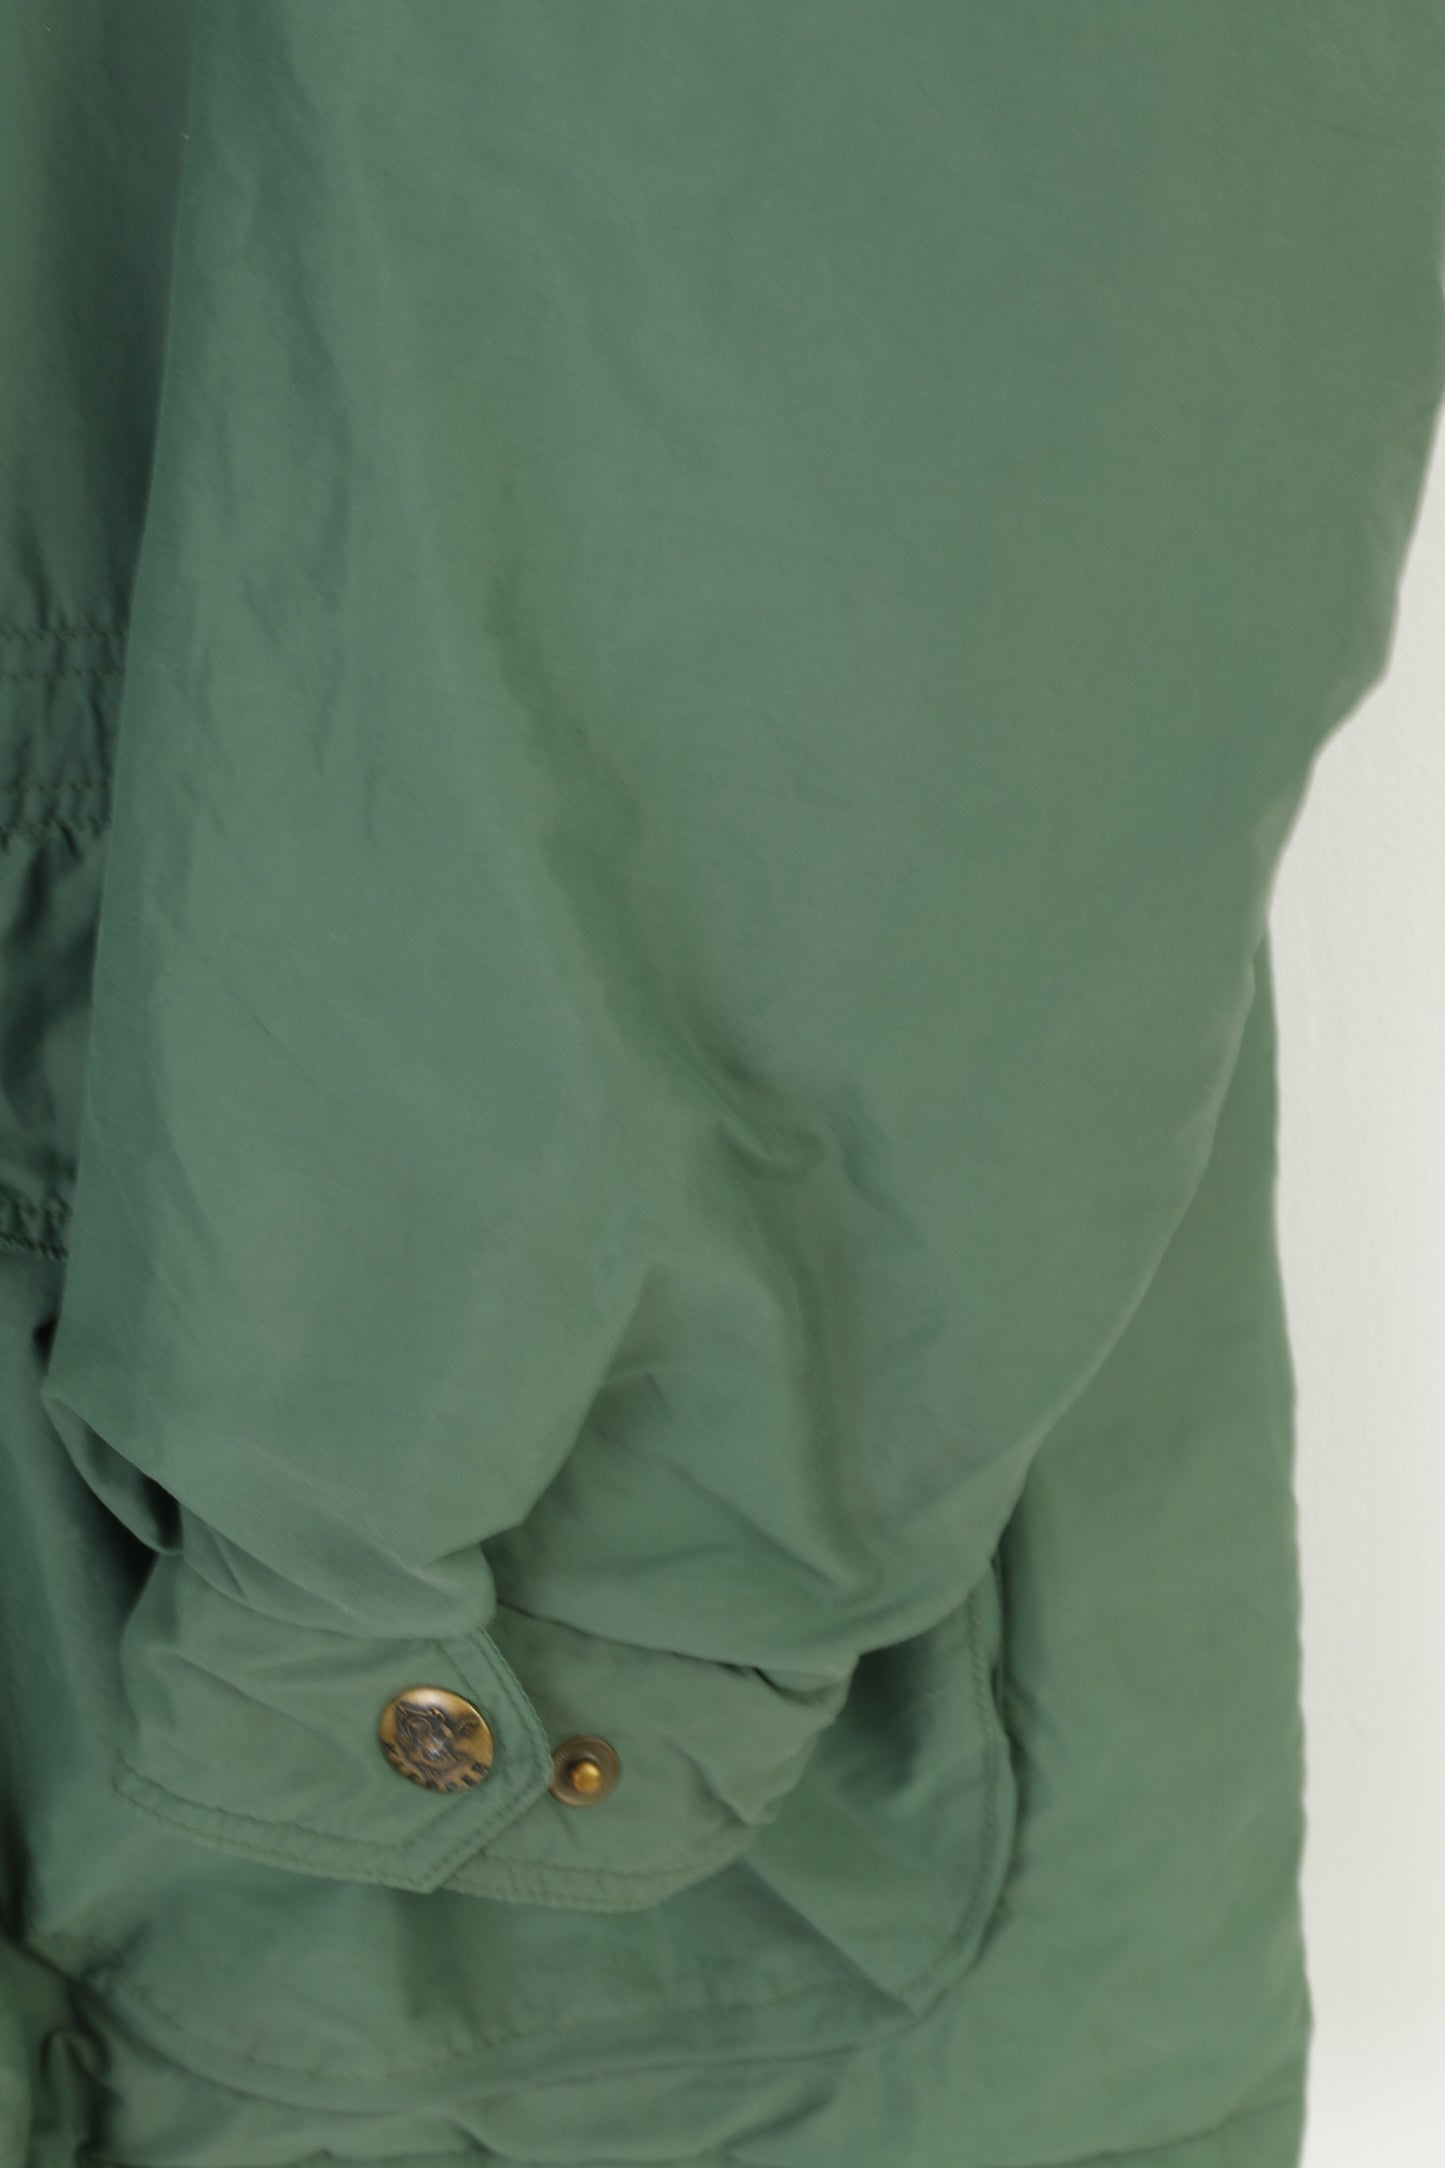 Klepper Men 54 Jacket Green Full Zipper Pockets Nylon Walking Sportswear Vintage Top
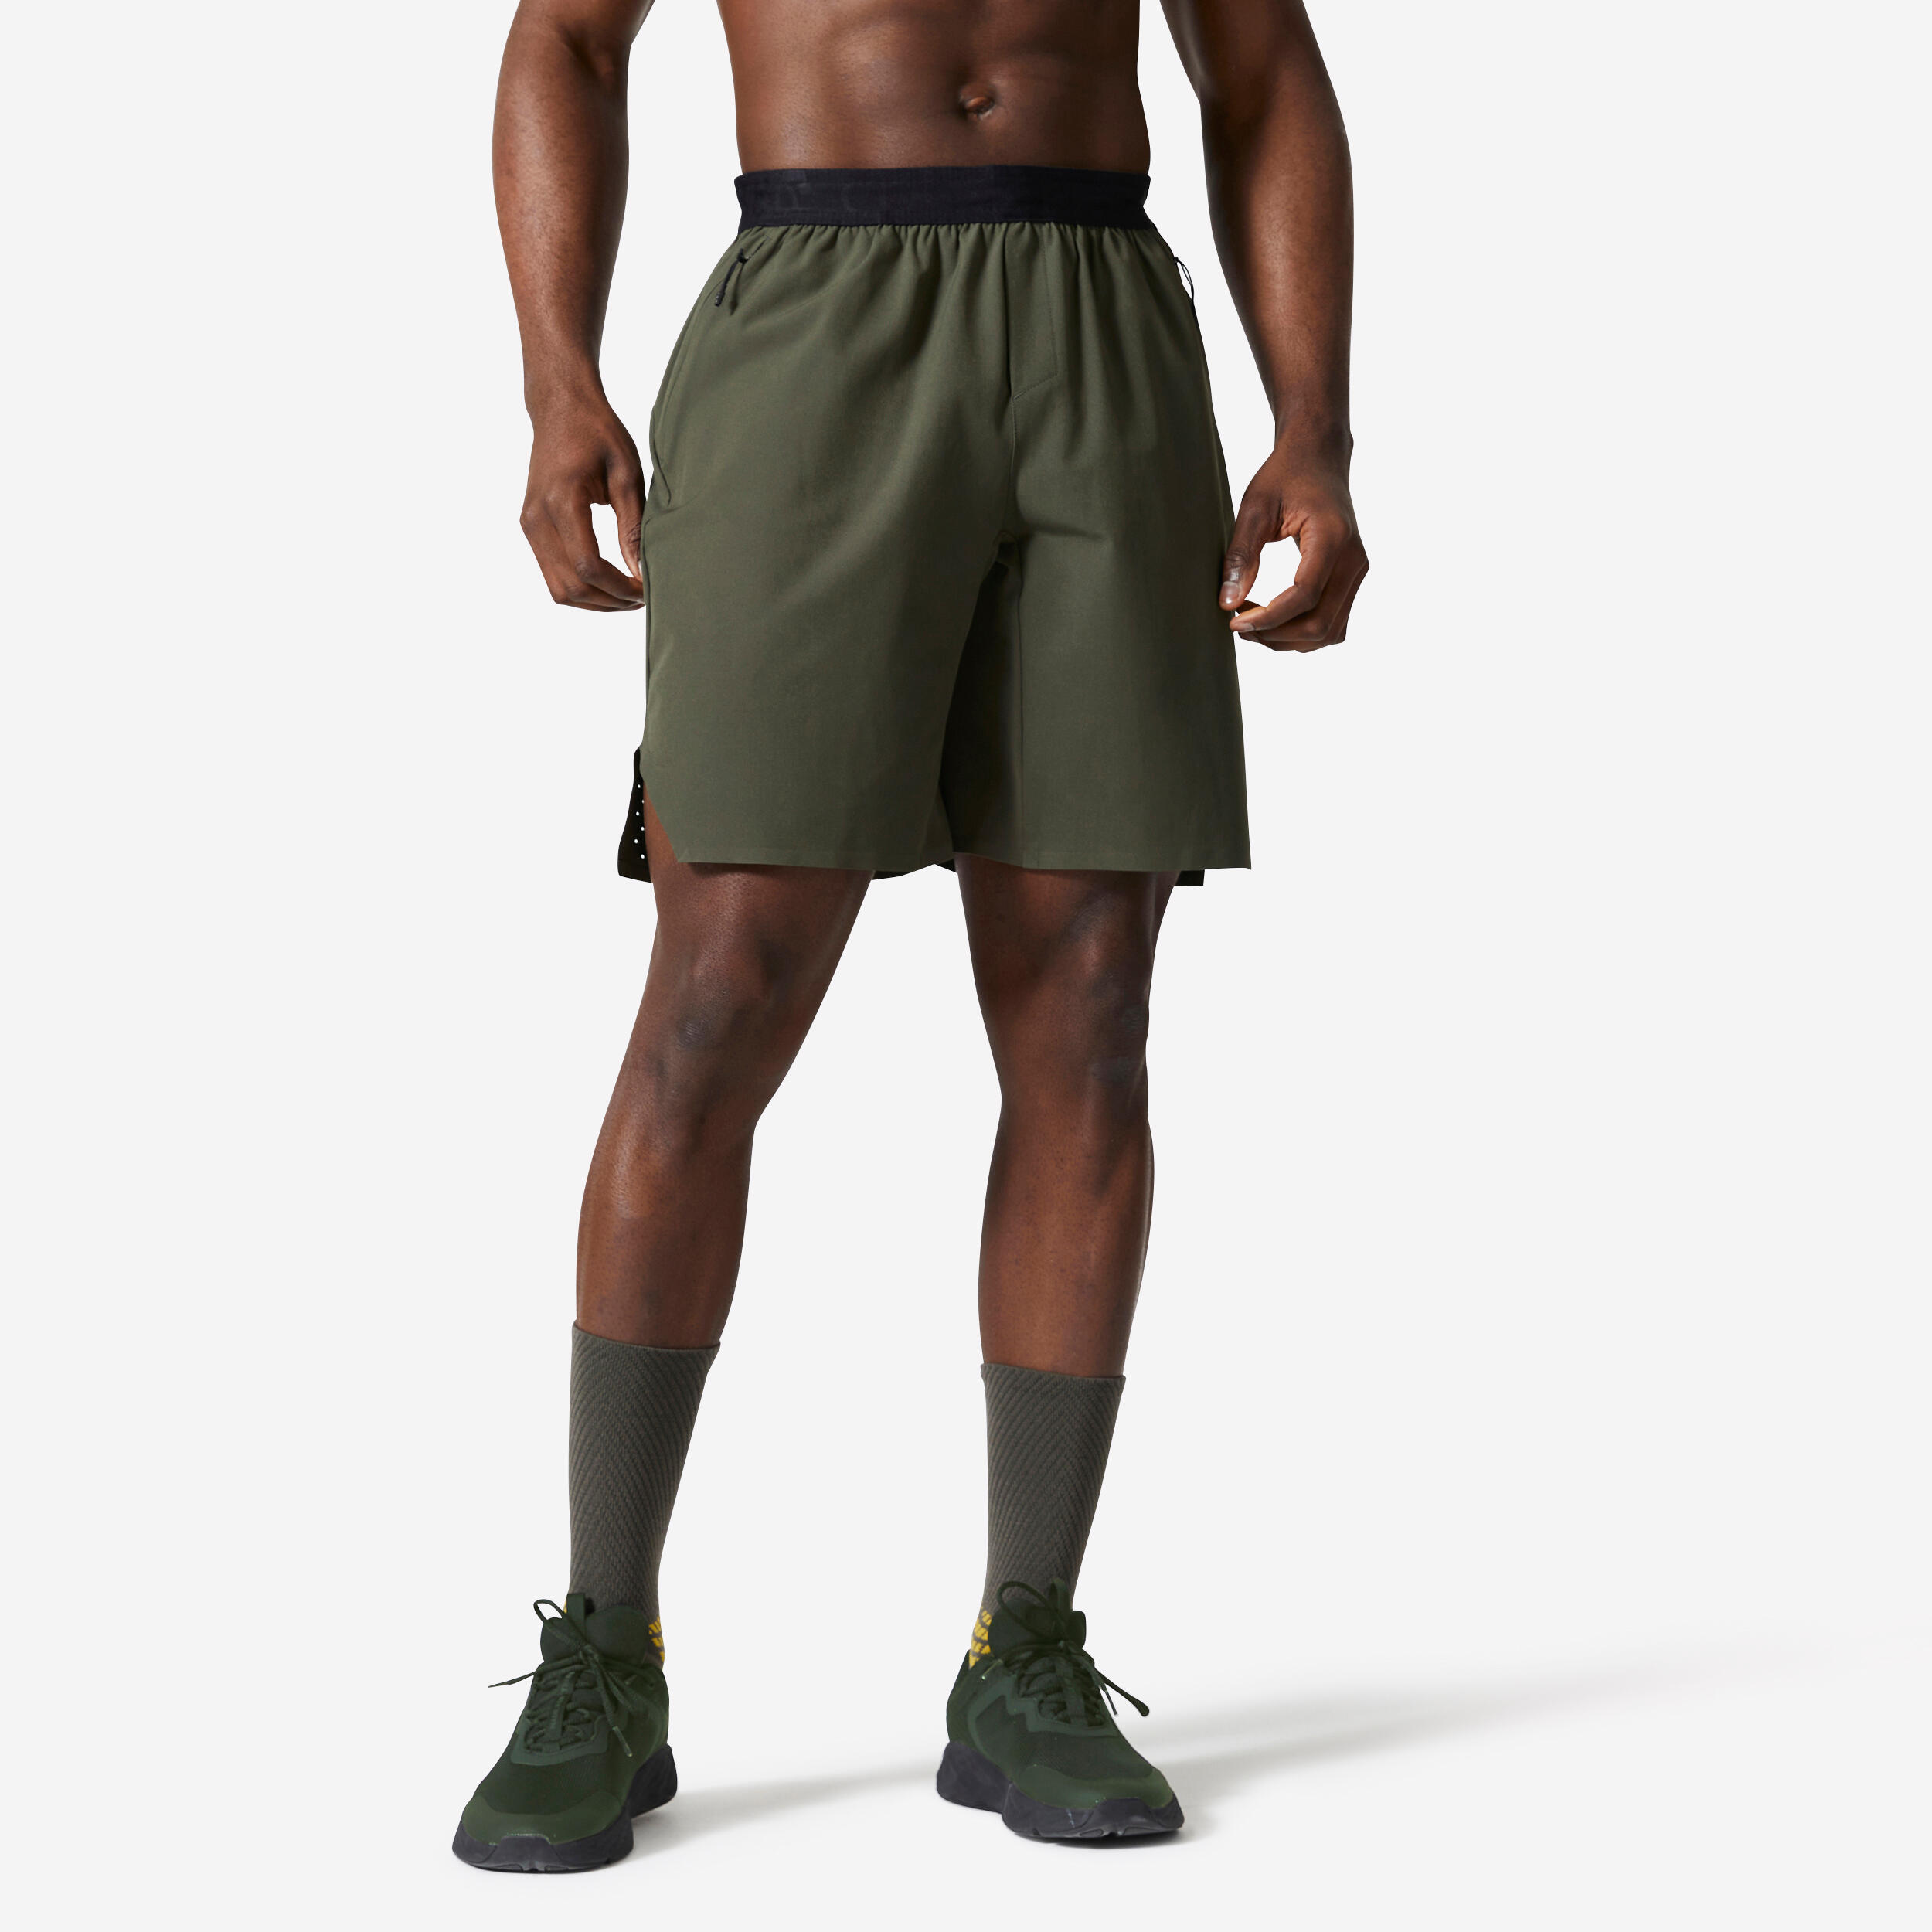 DOMYOS Men's Breathable Performance Cross Training Shorts with Zipped Pockets - Khaki
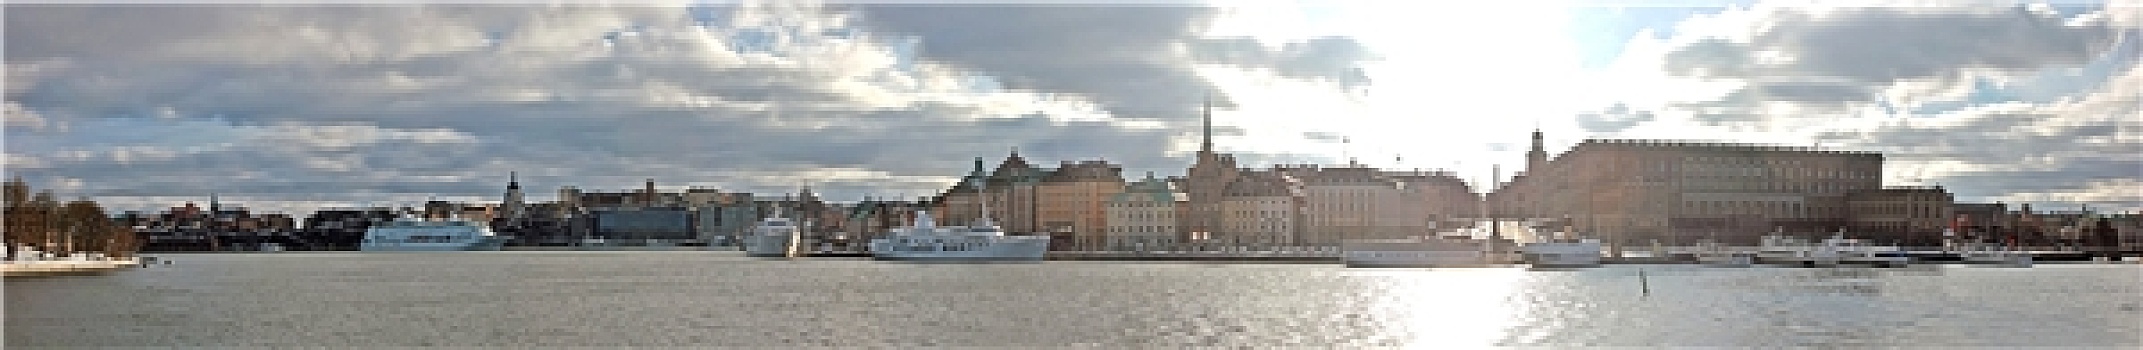 斯德哥尔摩,全景
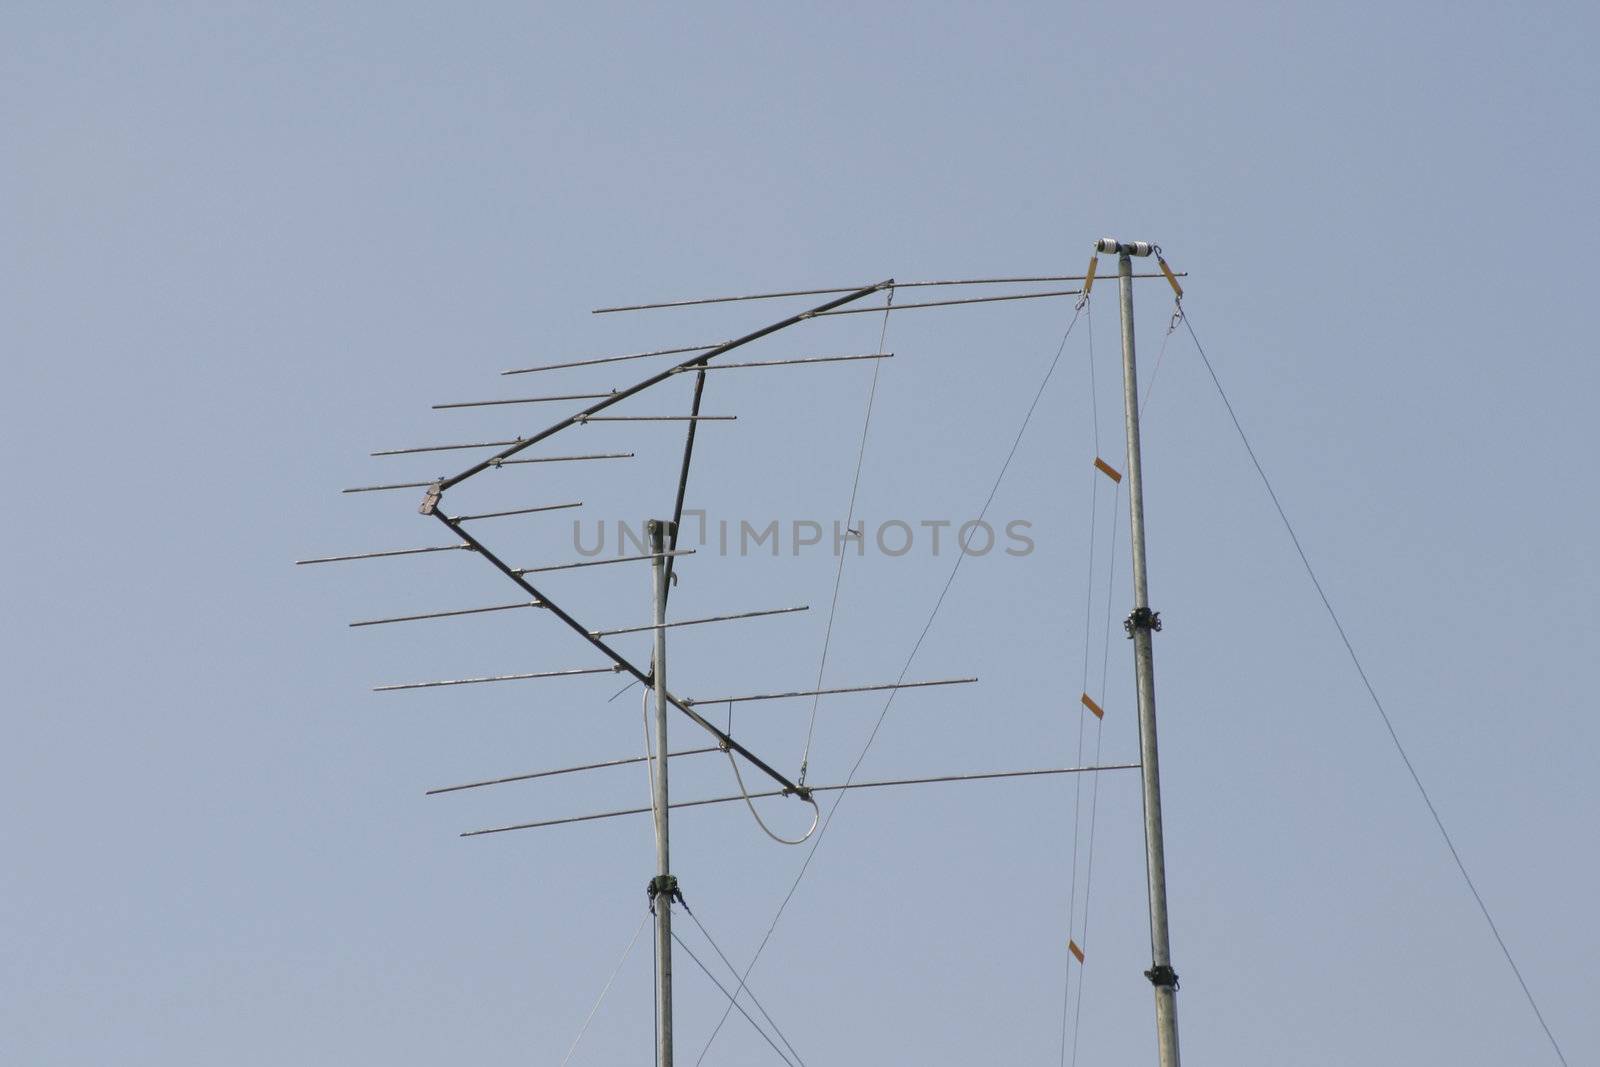 amateur radio aerials by leafy
──────────
> _What to do_
Copy out every line above, word for word, minus images.

> _Output of the task_
 Klepper Men 54 Jacket Green Full Zipper Pockets Nylon Walking Sportswear Vintage Top
 DOMYOS Men's Breathable Performance Cross Training Shorts with Zipped Pockets - Khaki
 斯德哥尔摩,全景
 amateur radio aerials by leafy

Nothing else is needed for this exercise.